Numerical Linked-Cluster Algorithms. II. t-J models on the square lattice

TL;DR

This paper applies a numerical linked-cluster (NLC) algorithm to the t-J model on a square lattice, demonstrating its effectiveness in calculating thermodynamic properties at intermediate temperatures where other methods struggle.

Contribution

It introduces the application of NLC to the t-J model, showing advantages over high-temperature expansions and Lanczos methods in certain temperature regimes.

Findings

NLC converges without extrapolation in a significant temperature window.

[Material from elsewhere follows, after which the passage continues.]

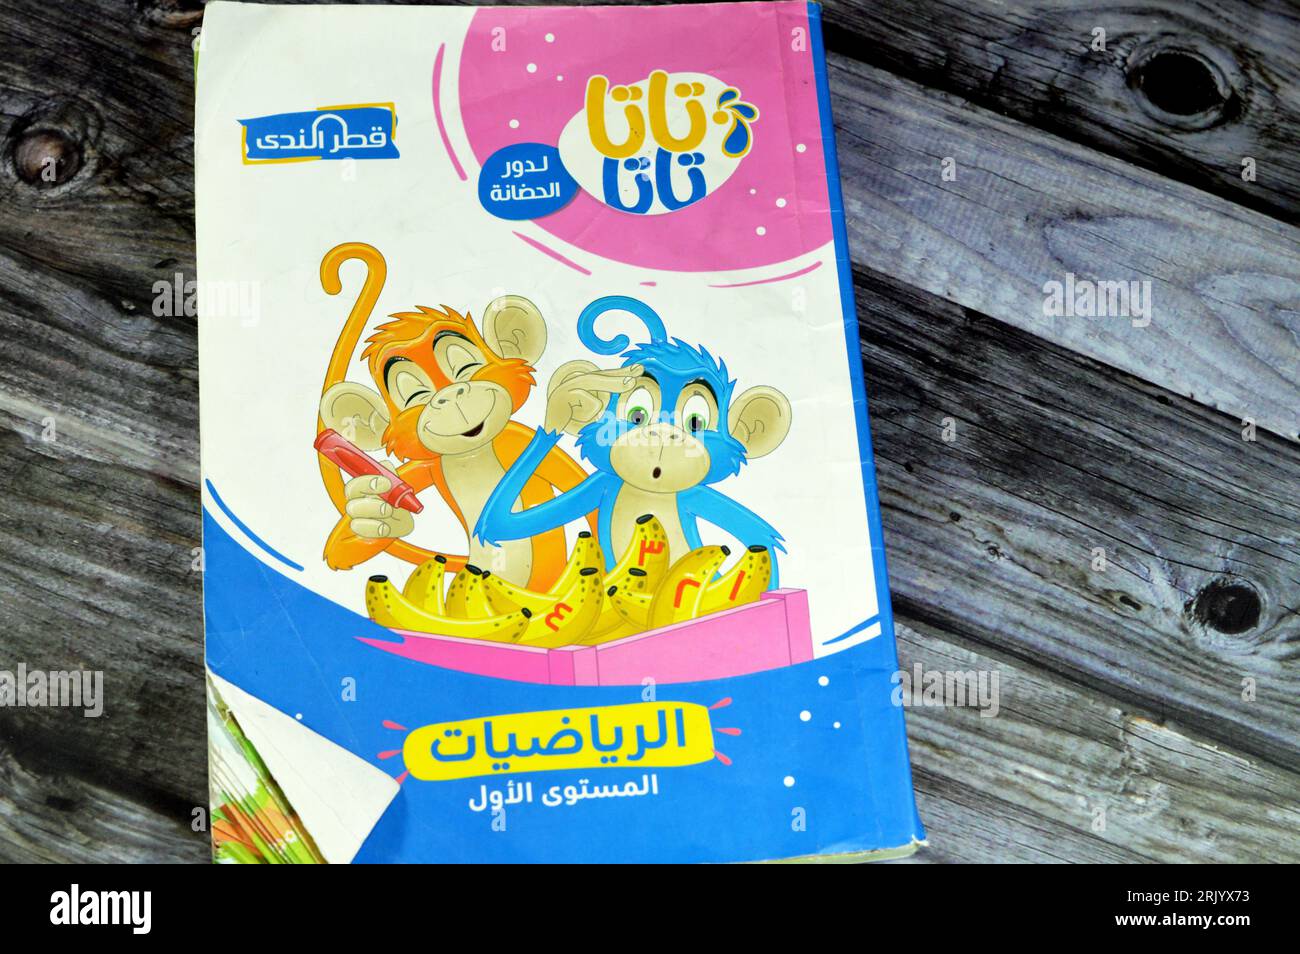 Cairo, Egitto, 18 agosto 2023: Libro forKG di matematica, libri educativi usati dai bambini delle scuole egiziane, apprendimento, insegnamento, libri educativi concep Foto Stock

NLC results agree well with HTE and FTLM after extrapolation.

NLC provides better control and accuracy at intermediate temperatures.

Abstract

We discuss the application of a recently introduced numerical linked-cluster (NLC) algorithm to strongly correlated itinerant models. In particular, we present a study of thermodynamic observables: chemical potential, entropy, specific heat, and uniform susceptibility for the t-J model on the square lattice, with J/t=0.5 and 0.3. Our NLC results are compared with those obtained from high-temperature expansions (HTE) and the finite-temperature Lanczos method (FTLM). We show that there is a sizeable window in temperature where NLC results converge without extrapolations whereas HTE diverges. Upon extrapolations, the overall agreement between NLC, HTE, and FTLM is excellent in some cases down to 0.25t. At intermediate temperatures NLC results are better controlled than other methods, making it easier to judge the convergence and numerical accuracy of the method.